REQUIRED ACTION:
In your copy of the data, keep every word exact and include no pictures.

STORED DATA:
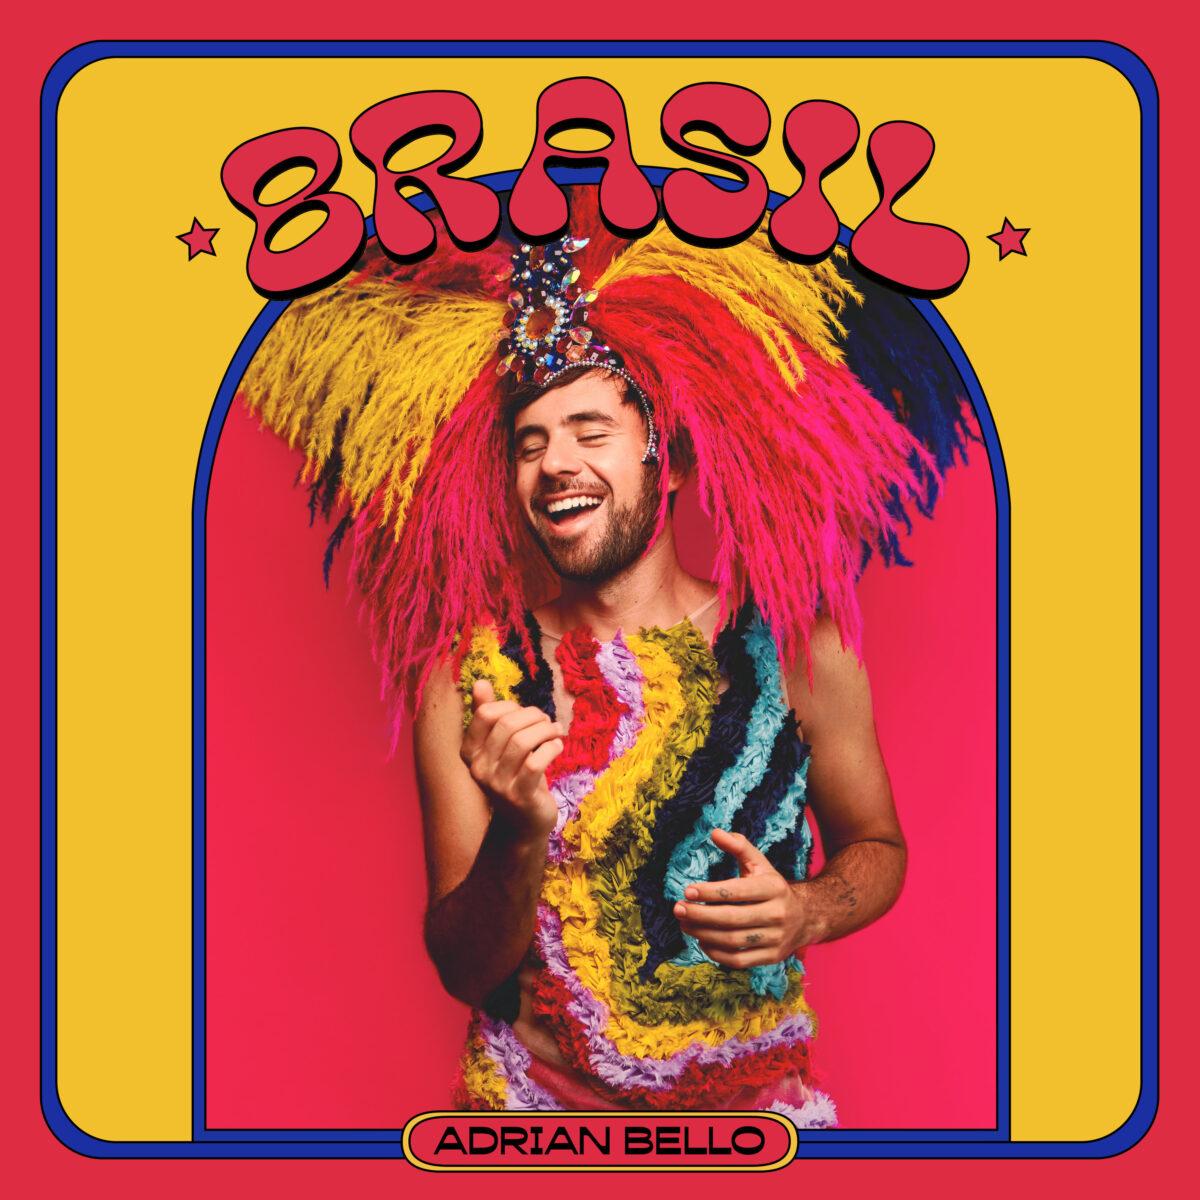 adrian bello el artista y compositor peruano presenta brasil unnamed 2
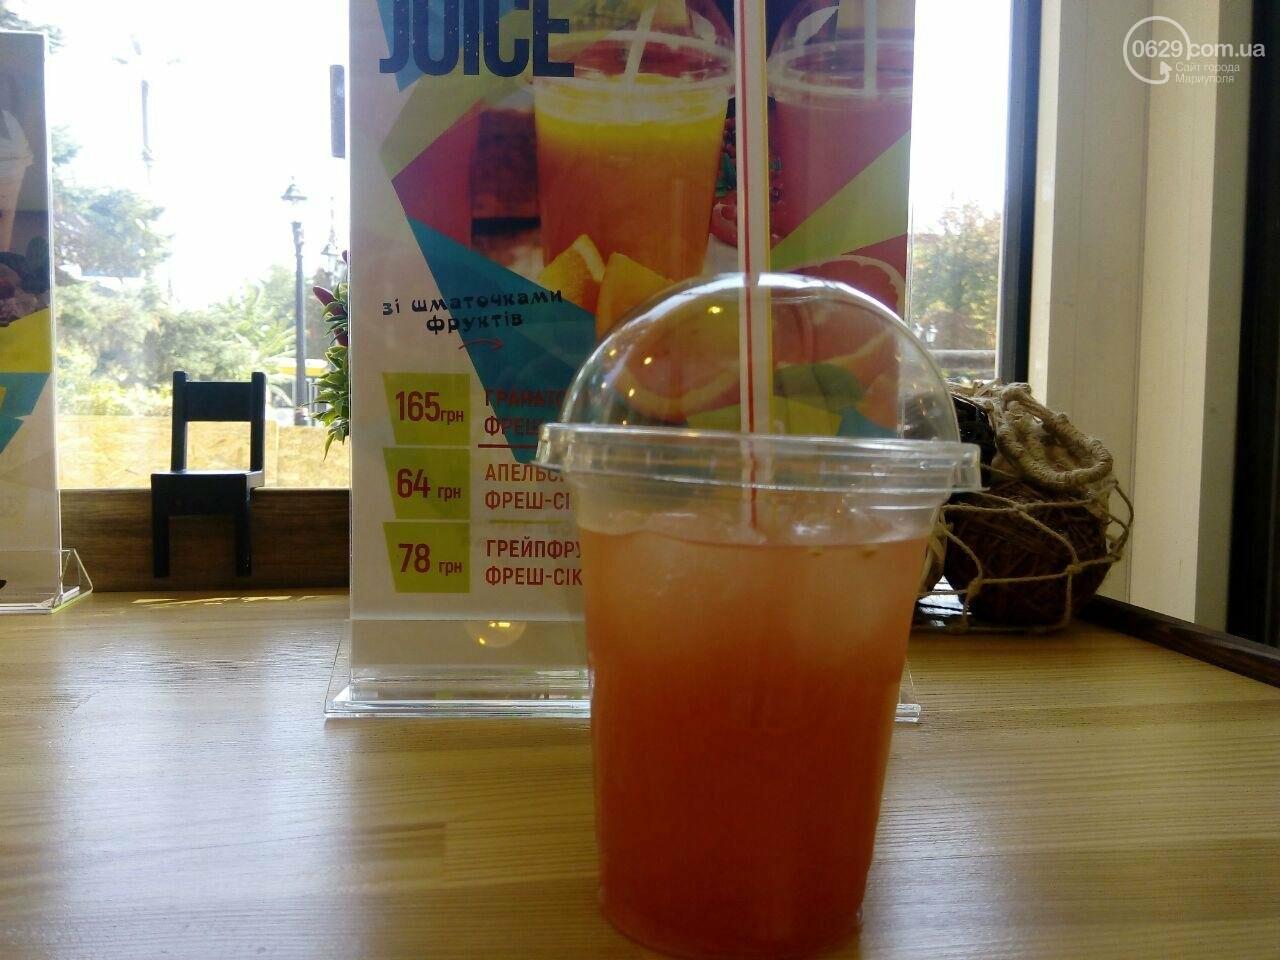 Где в Мариуполе можно выпить апельсиновый фреш, и что важно знать, чтобы не отравиться, фото-1
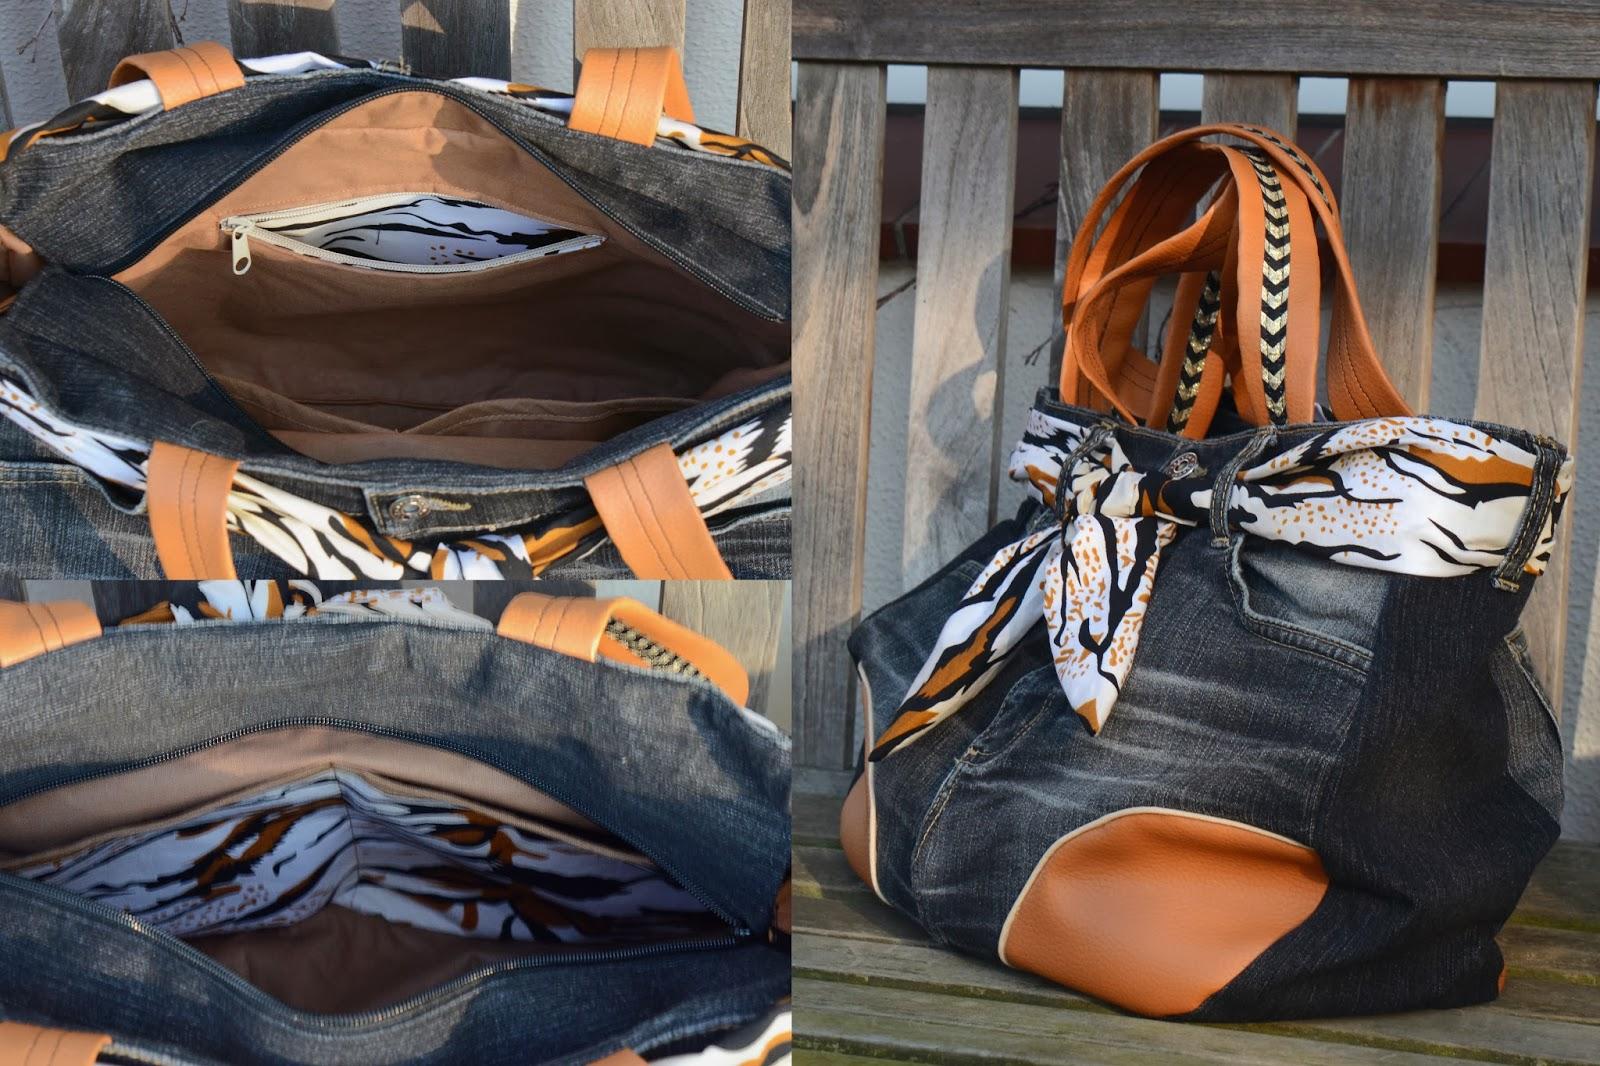 samari design schnabelina jeans bag. Black Bedroom Furniture Sets. Home Design Ideas
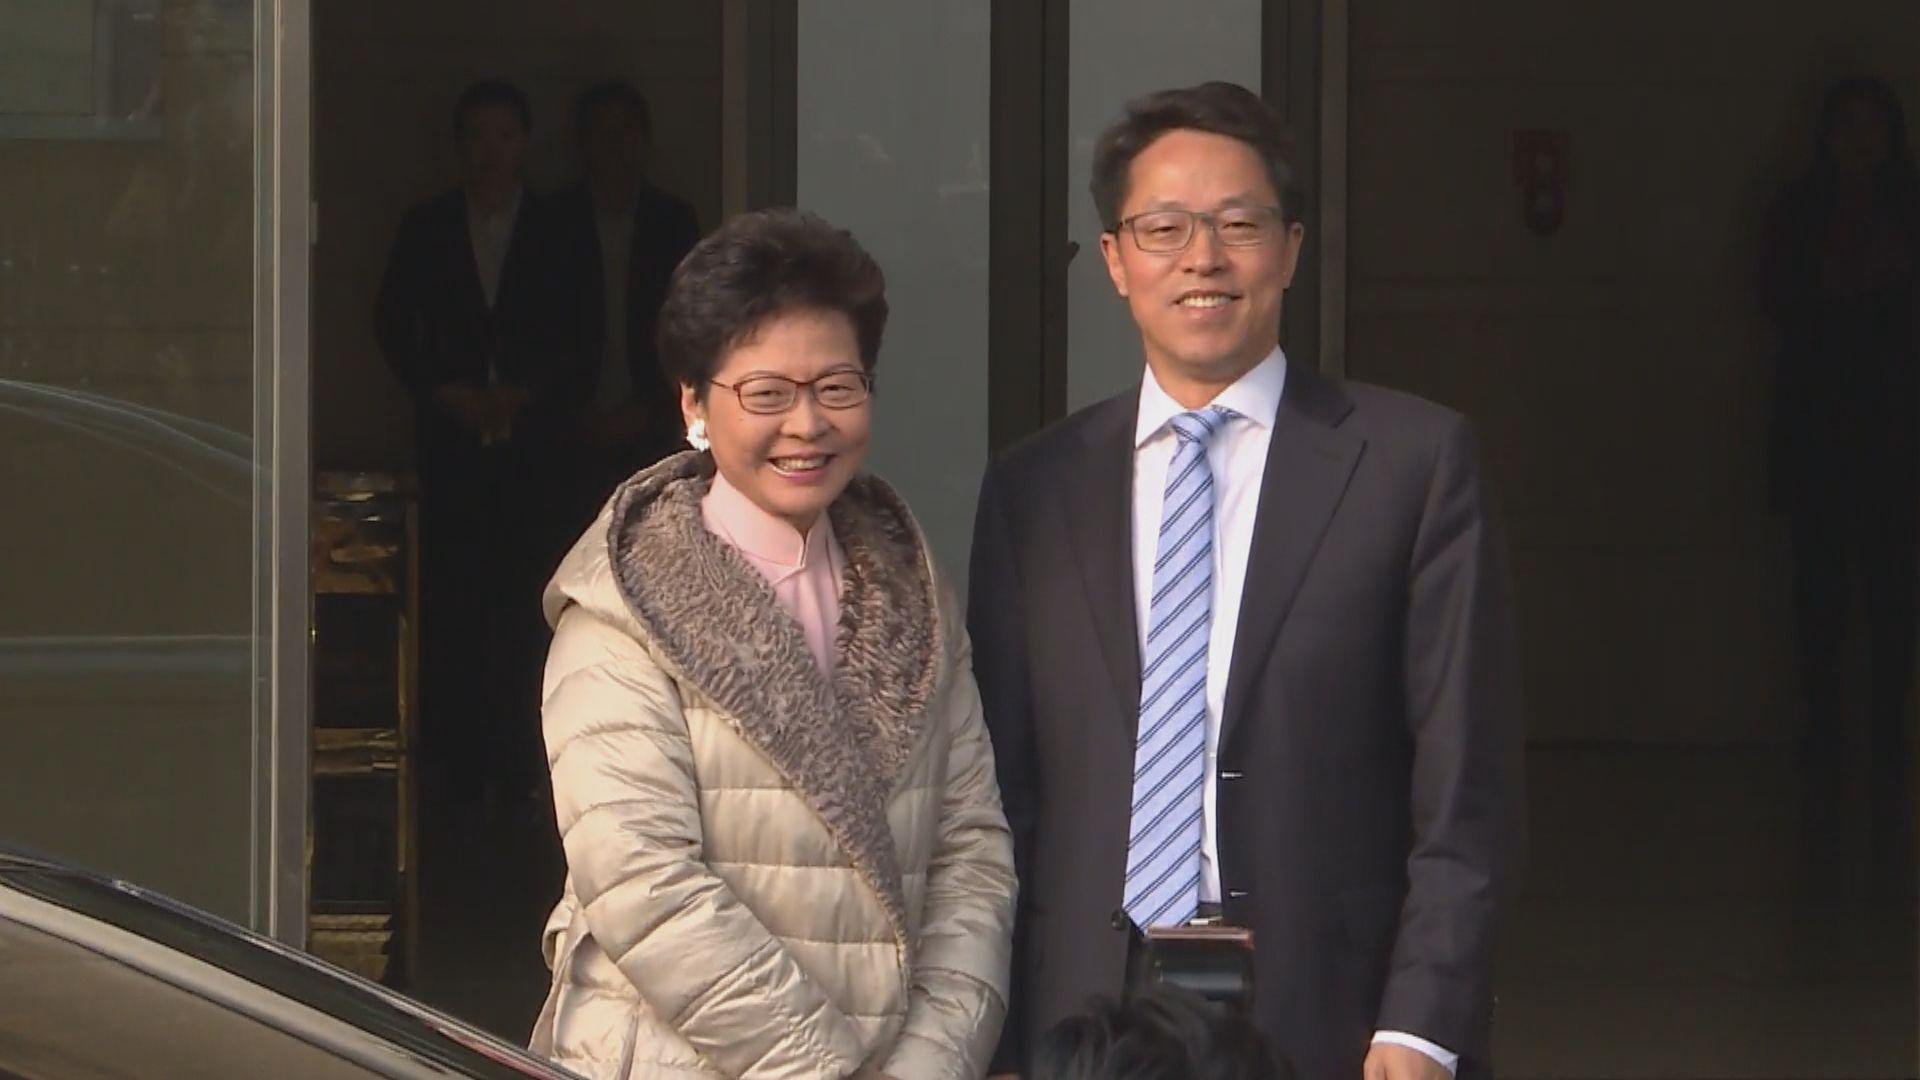 林鄭月娥與張曉明及韓正會面

ANSWER SPACE:
 adrian bello el artista y compositor peruano presenta brasil unnamed 2
 Где в Мариуполе можно выпить апельсиновый фреш, и что важно знать, чтобы не отравиться, фото-1
 samari design schnabelina jeans bag. Black Bedroom Furniture Sets. Home Design Ideas
 林鄭月娥與張曉明及韓正會面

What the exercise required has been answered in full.